Also was wäre der Unterschied?


----------



## k-b (21. Dezember 2009)

*AW: ubuntus firefox löschen.*

DAs entfernt nur das Programm, aber die Einstellungsdateien unter deinem Benutzer bleiben dann. Bei einer erneuten Installation kbrauchst du dann nix mehr einstellen


----------



## seiLaut (22. Dezember 2009)

*AW: ubuntus firefox löschen.*

Ups, da fehlt was in meiner Frage. 
Ich wollte den Unterschied zwischen purge und remove wissen.


----------



## RaggaMuffin (22. Dezember 2009)

*AW: ubuntus firefox löschen.*

wollt nur nochmal danke für eure hilfe sagen...
die firefox informationen sind so gut wie weg das notebook übrigens auch.

mein thread darf beendet werden.


----------



## Bauer87 (22. Dezember 2009)

*AW: ubuntus firefox löschen.*

Purge löscht nur die systemweiten Konfigurationen (z.B. in /etc/ ).

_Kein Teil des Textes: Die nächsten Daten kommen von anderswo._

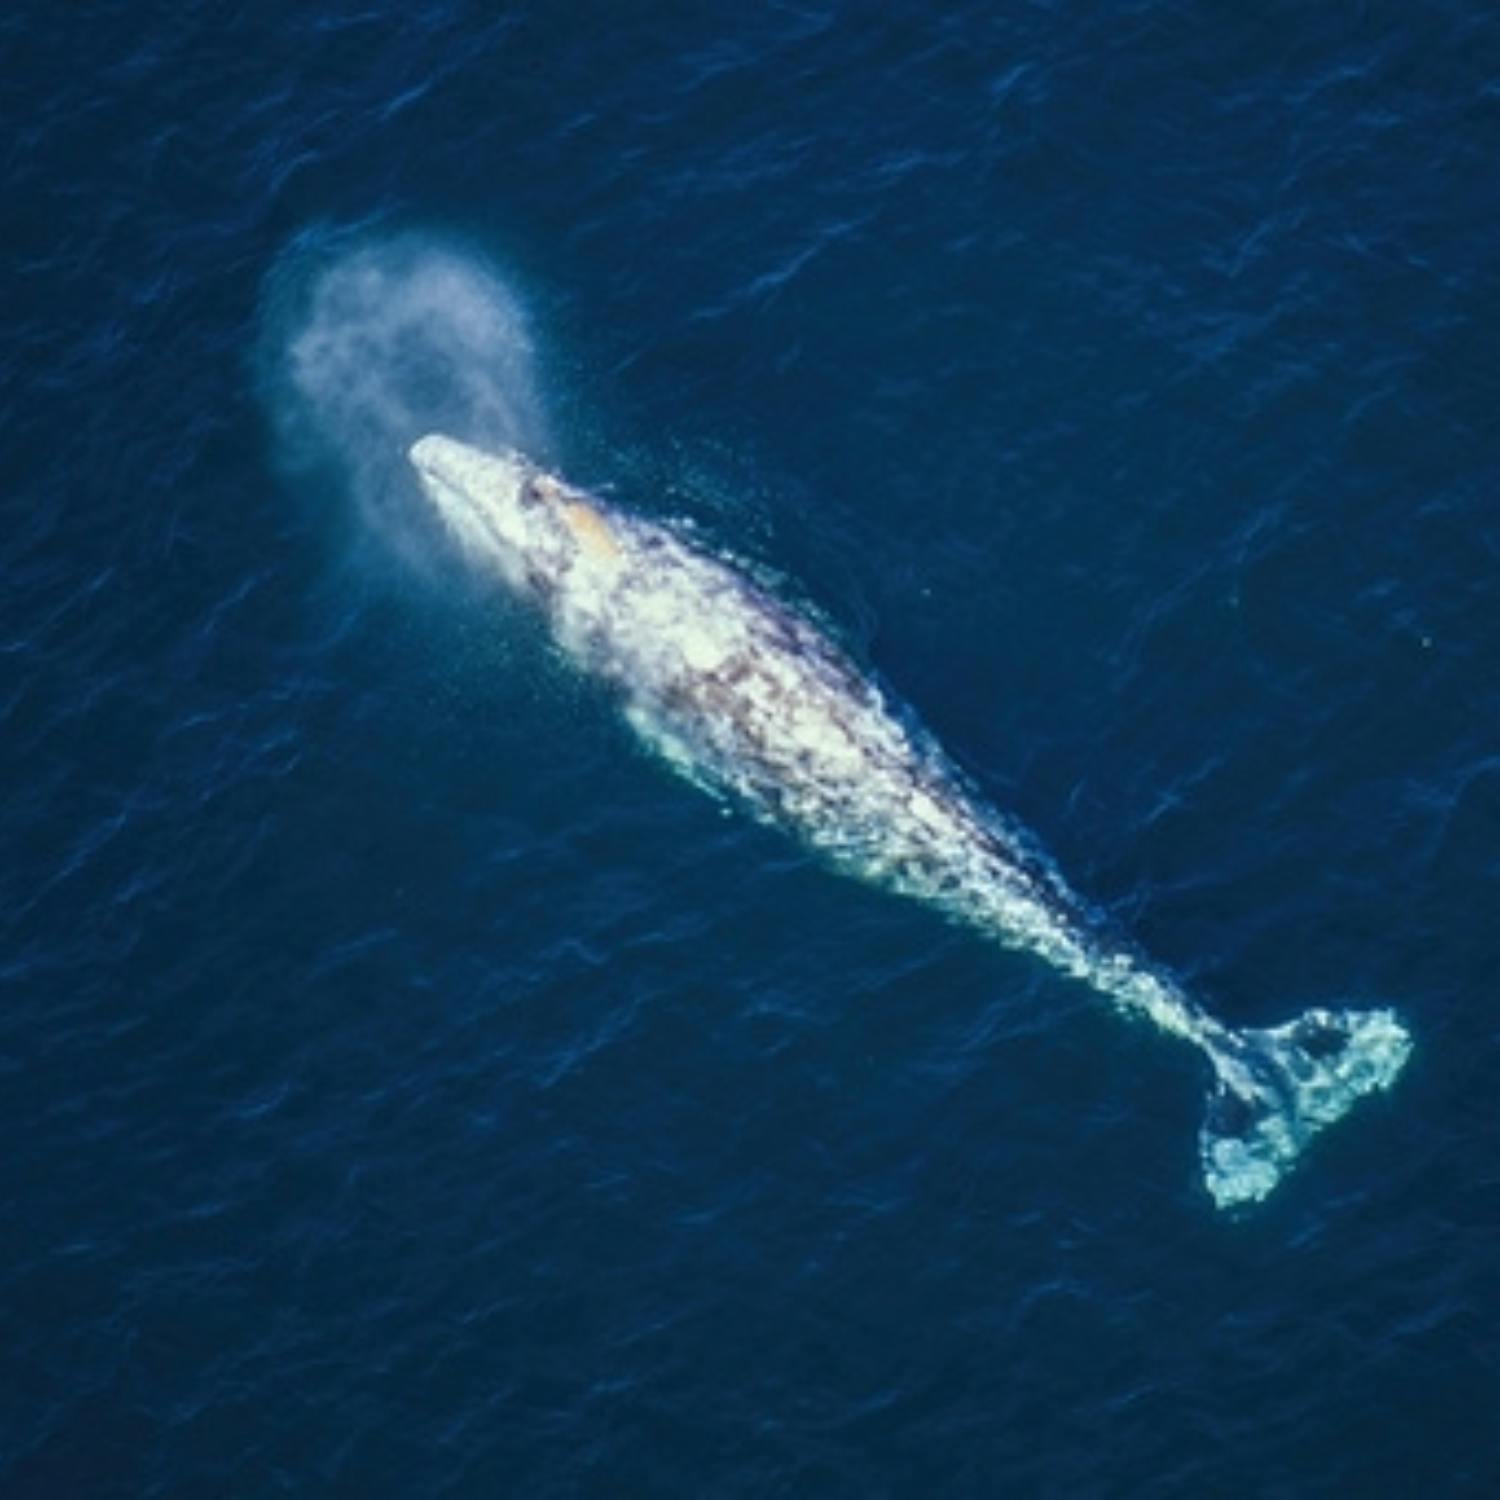 Pacific grey whales have shrunk by 13% in two decades

Benutzereinstellungen bleiben in jedem Fall erhalten, wenn man apt nutzt.


----------



## KempA (23. Dezember 2009)

*AW: ubuntus firefox löschen.*

drück im direfox einfach auf "extras", dann "auf neueste chronik löschen" und da wählst du einfach alles aus und drückst jetzt "löschen"... und schon ist alles weg


----------